= Dataset excerpt =
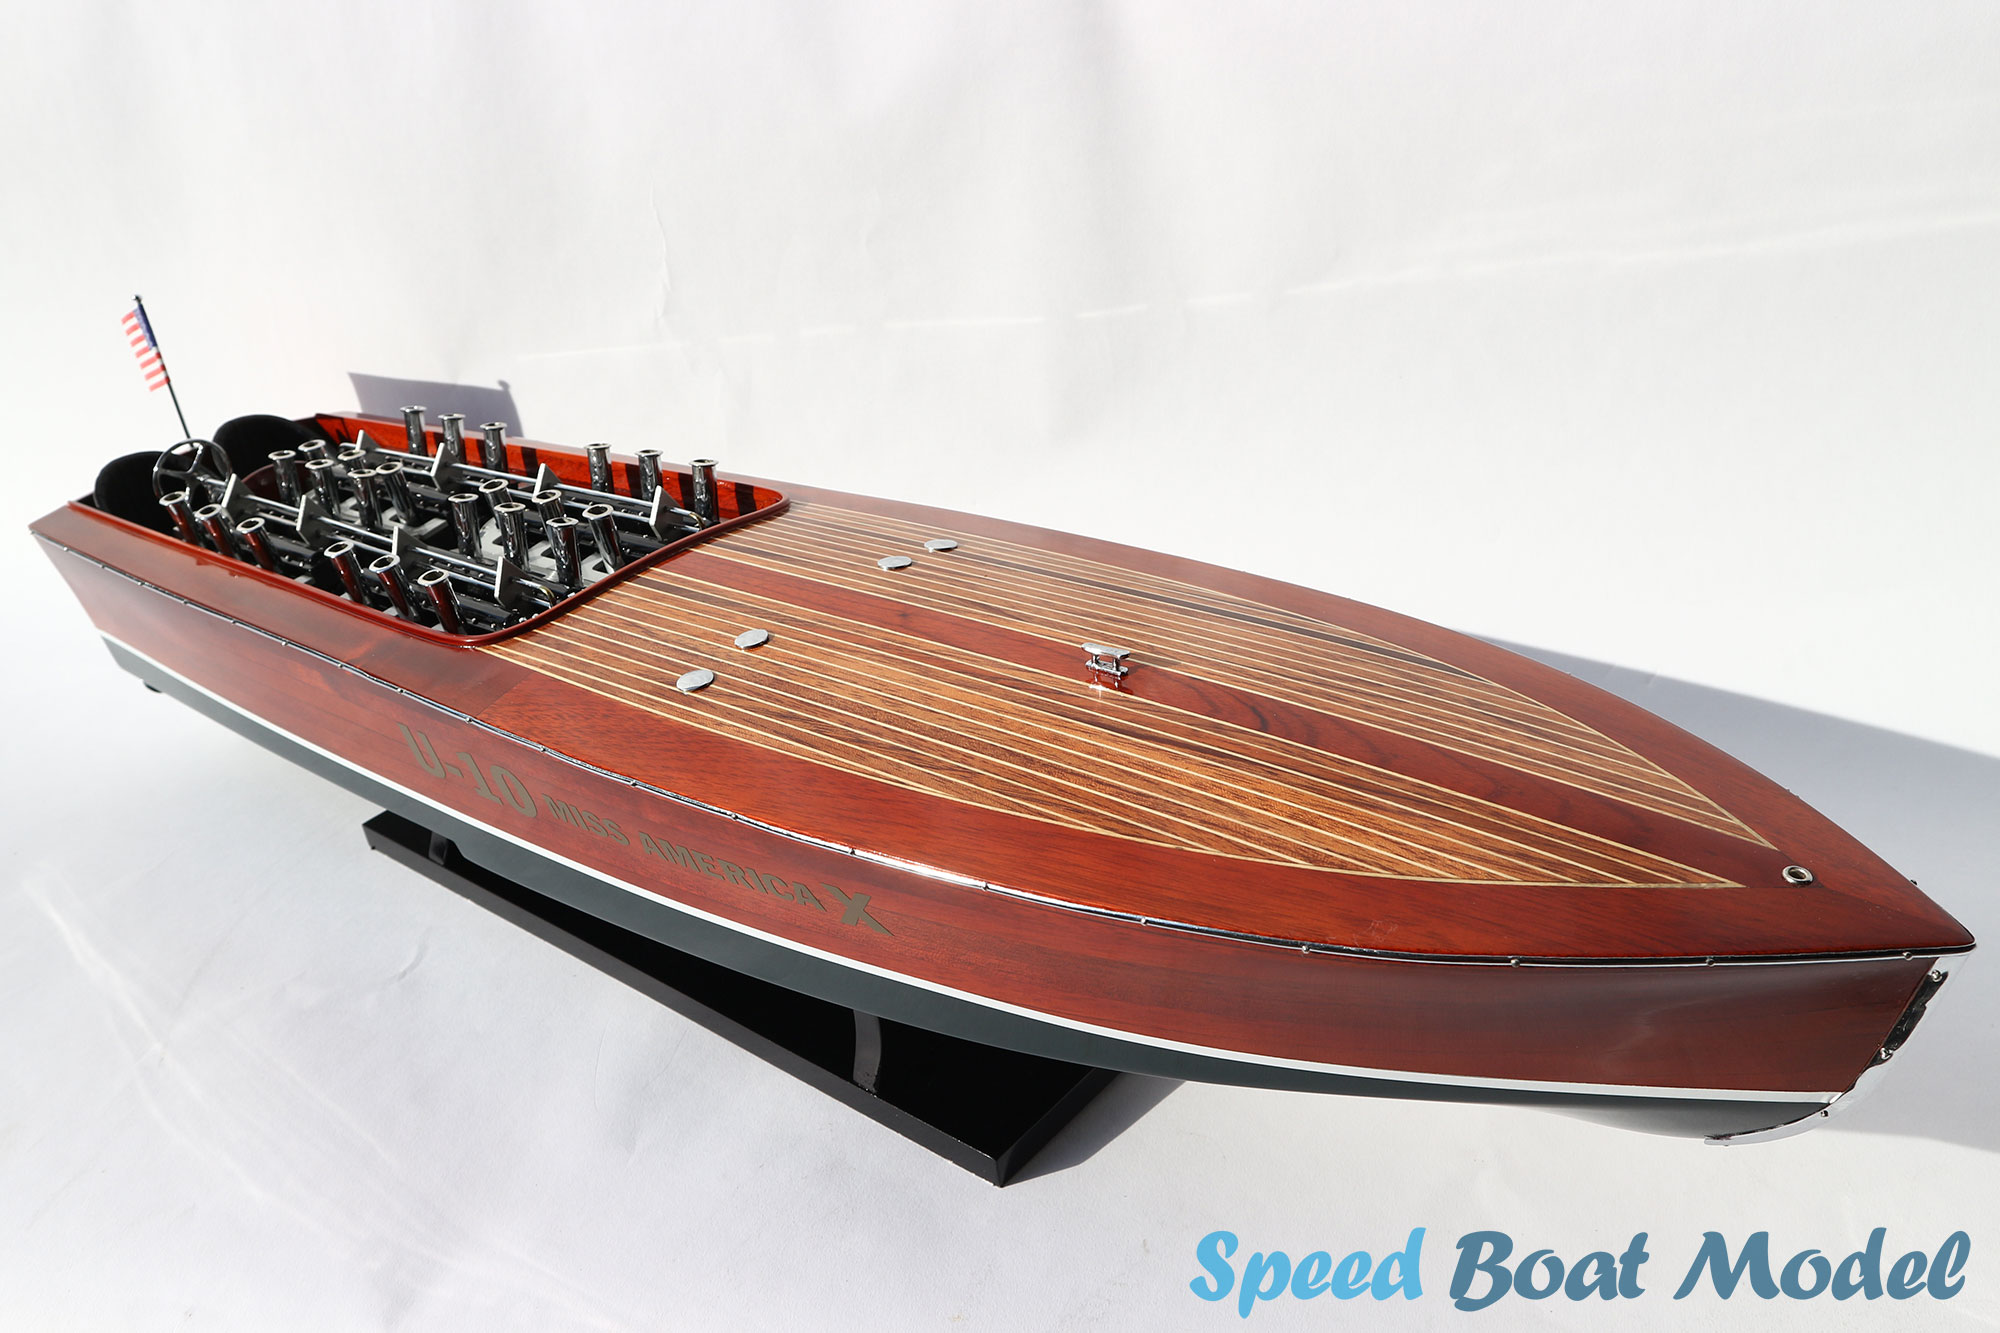 Miss America X Speed Boat Model 32.6"
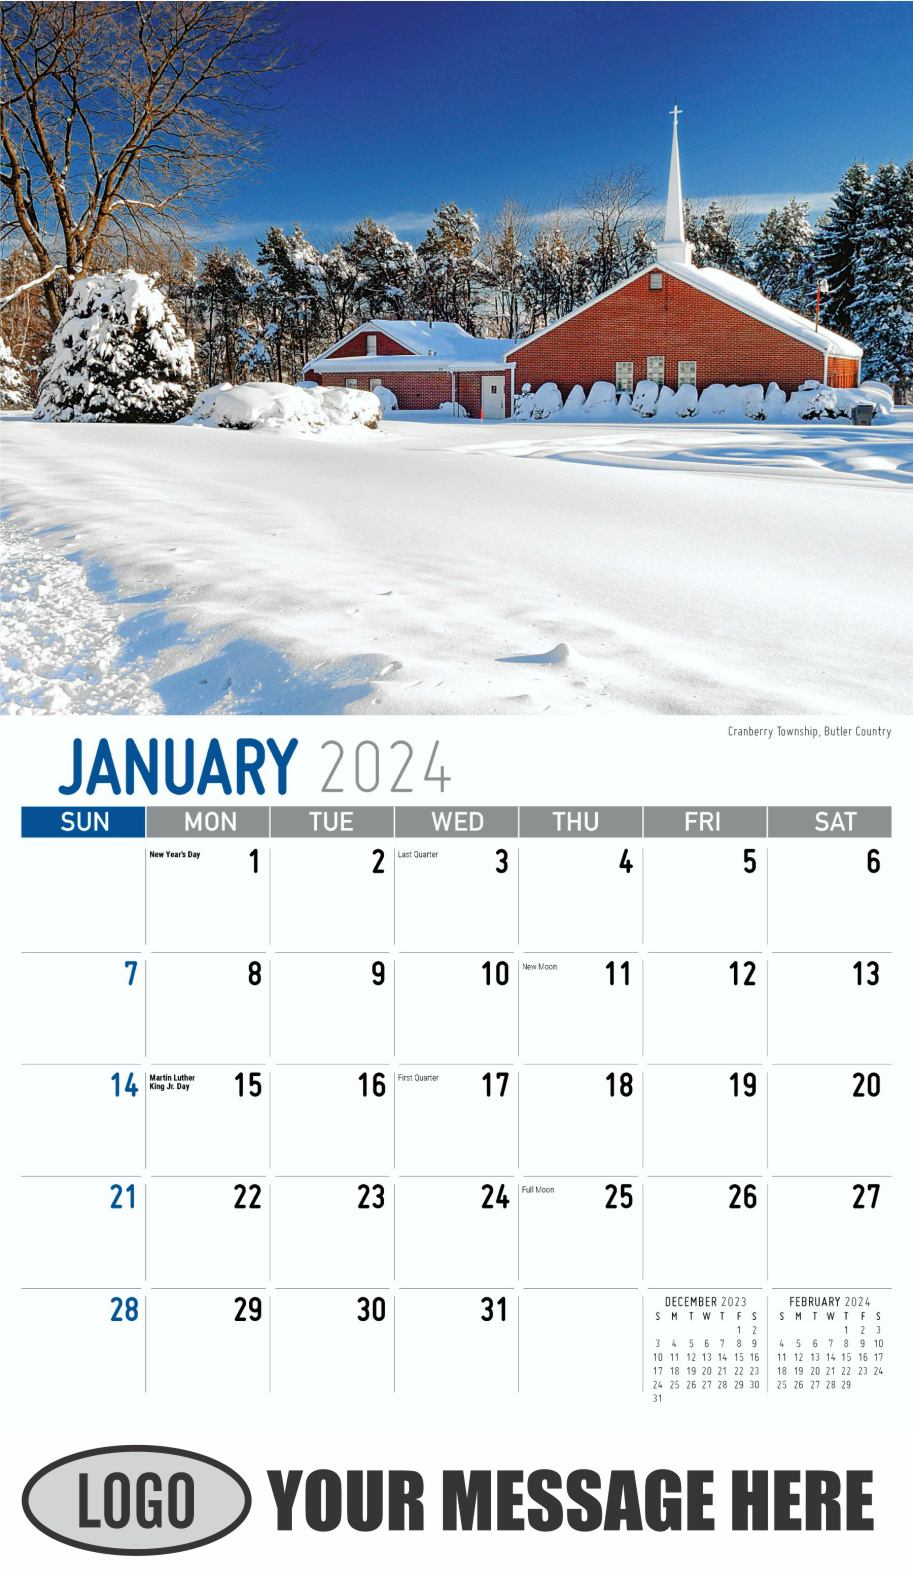 Scenes of Pennsylvania 2024 Business Promotion Calendar - January
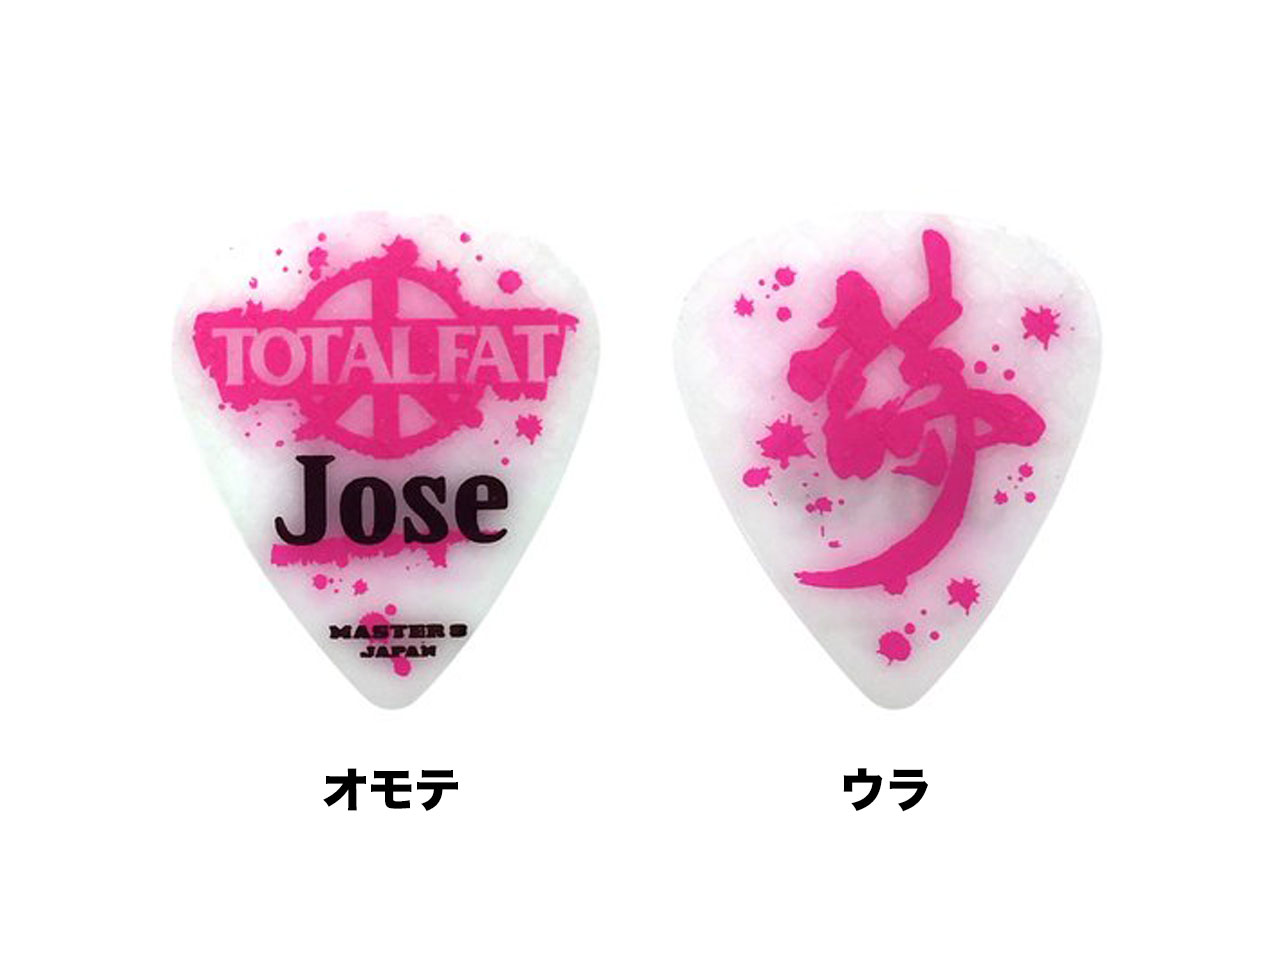 MASTER 8 JAPAN(マスターエイトジャパン) TOTALFAT / Jose SIGNATURE model 10枚セット
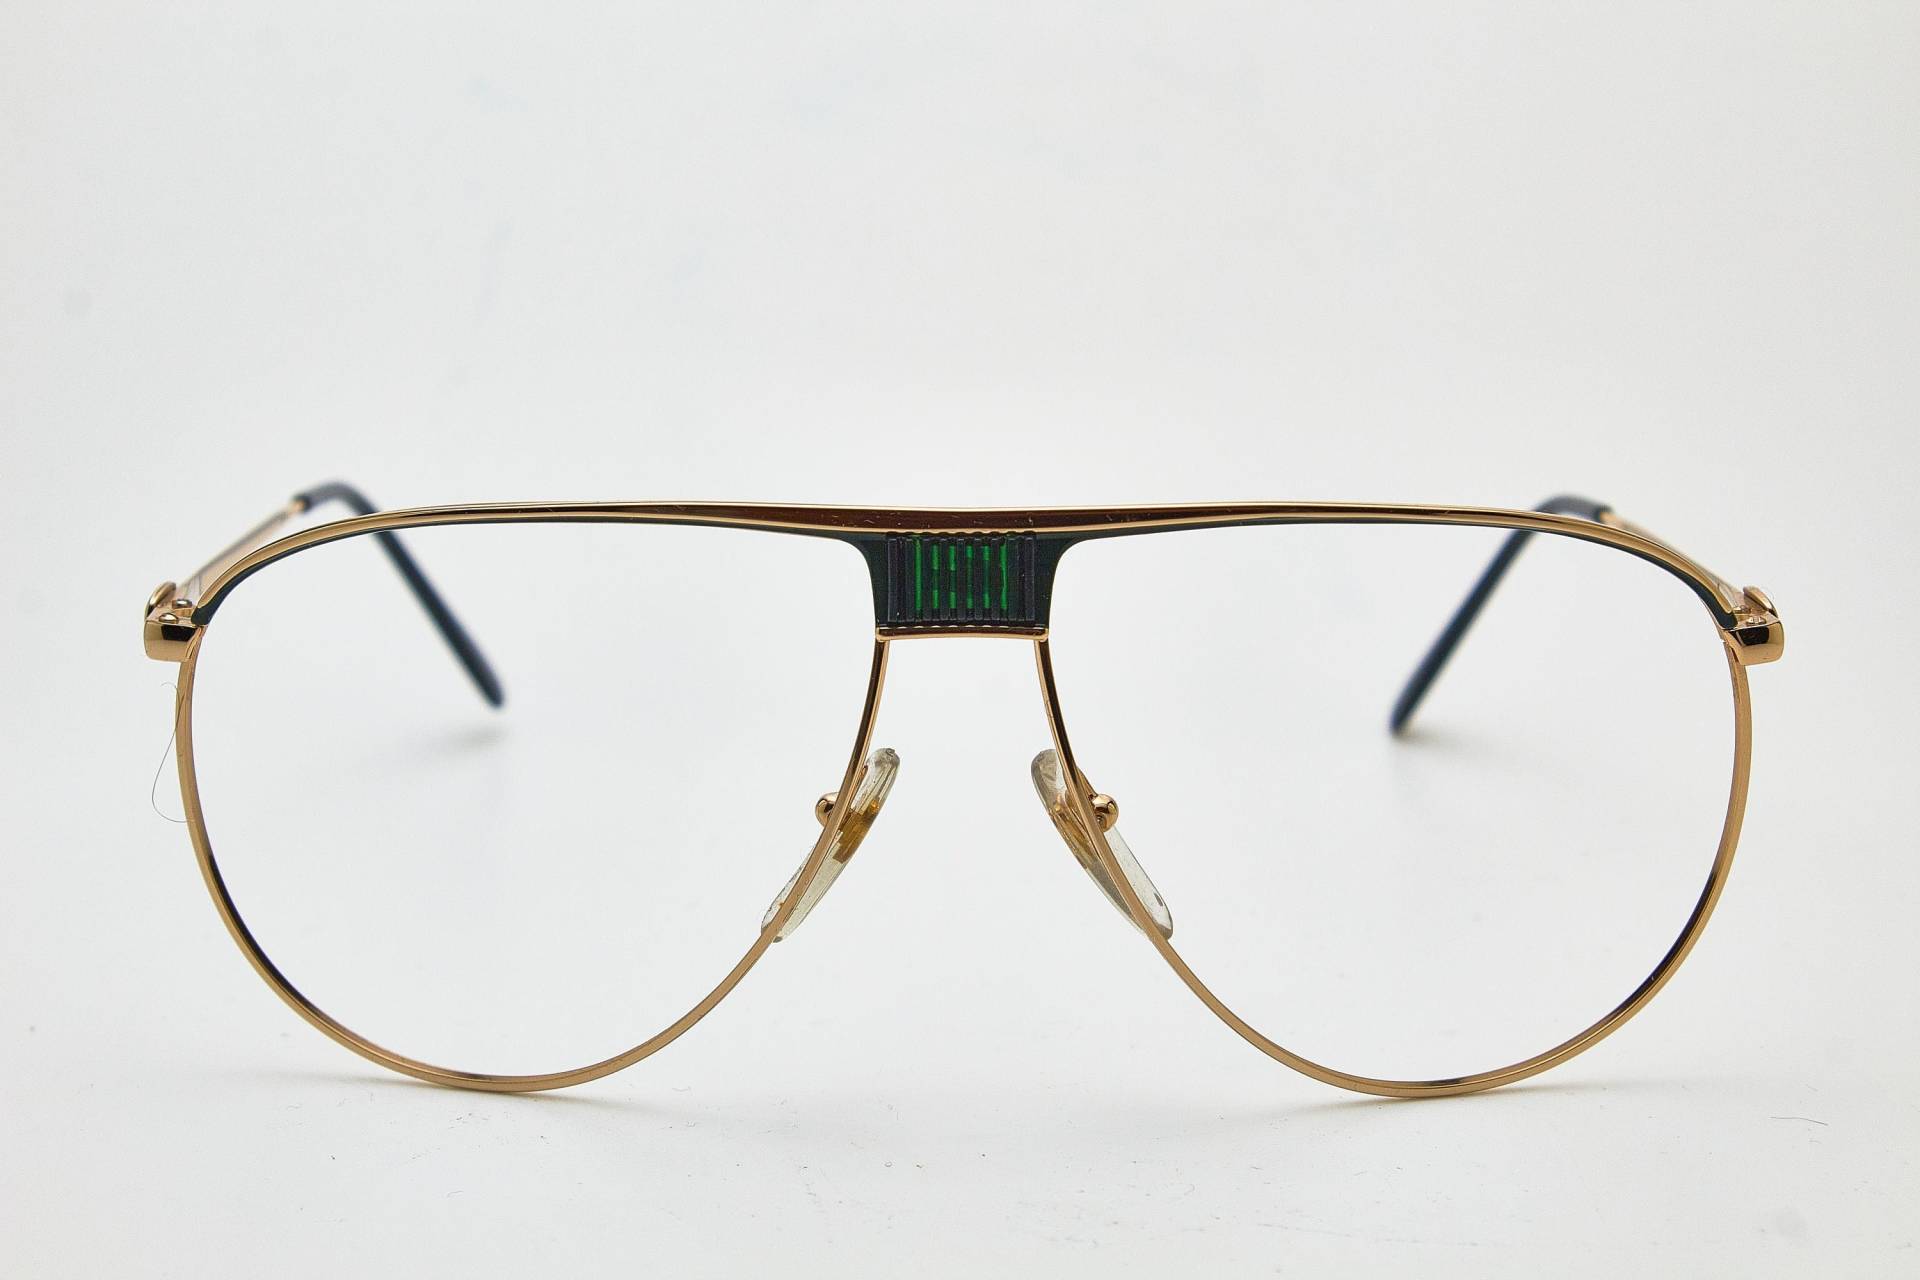 Lacoste Brille 191 Gold/Grün Metallrahmen, Vintage 1980Er, Fliegerbrille, Oversize Brille, Pilotenbrille, 80Er von VintageGlassesVault

= Prompt =
Please write out exactly the lines from the one holding "Scenes of Pennsylvania" through the last line of the material above, both included, as a copy without pictures.

= Answer to this exercise =
 Scenes of Pennsylvania 2024 Business Promotion Calendar - January
 MASTER 8 JAPAN(マスターエイトジャパン) TOTALFAT / Jose SIGNATURE model 10枚セット
 Lacoste Brille 191 Gold/Grün Metallrahmen, Vintage 1980Er, Fliegerbrille, Oversize Brille, Pilotenbrille, 80Er von VintageGlassesVault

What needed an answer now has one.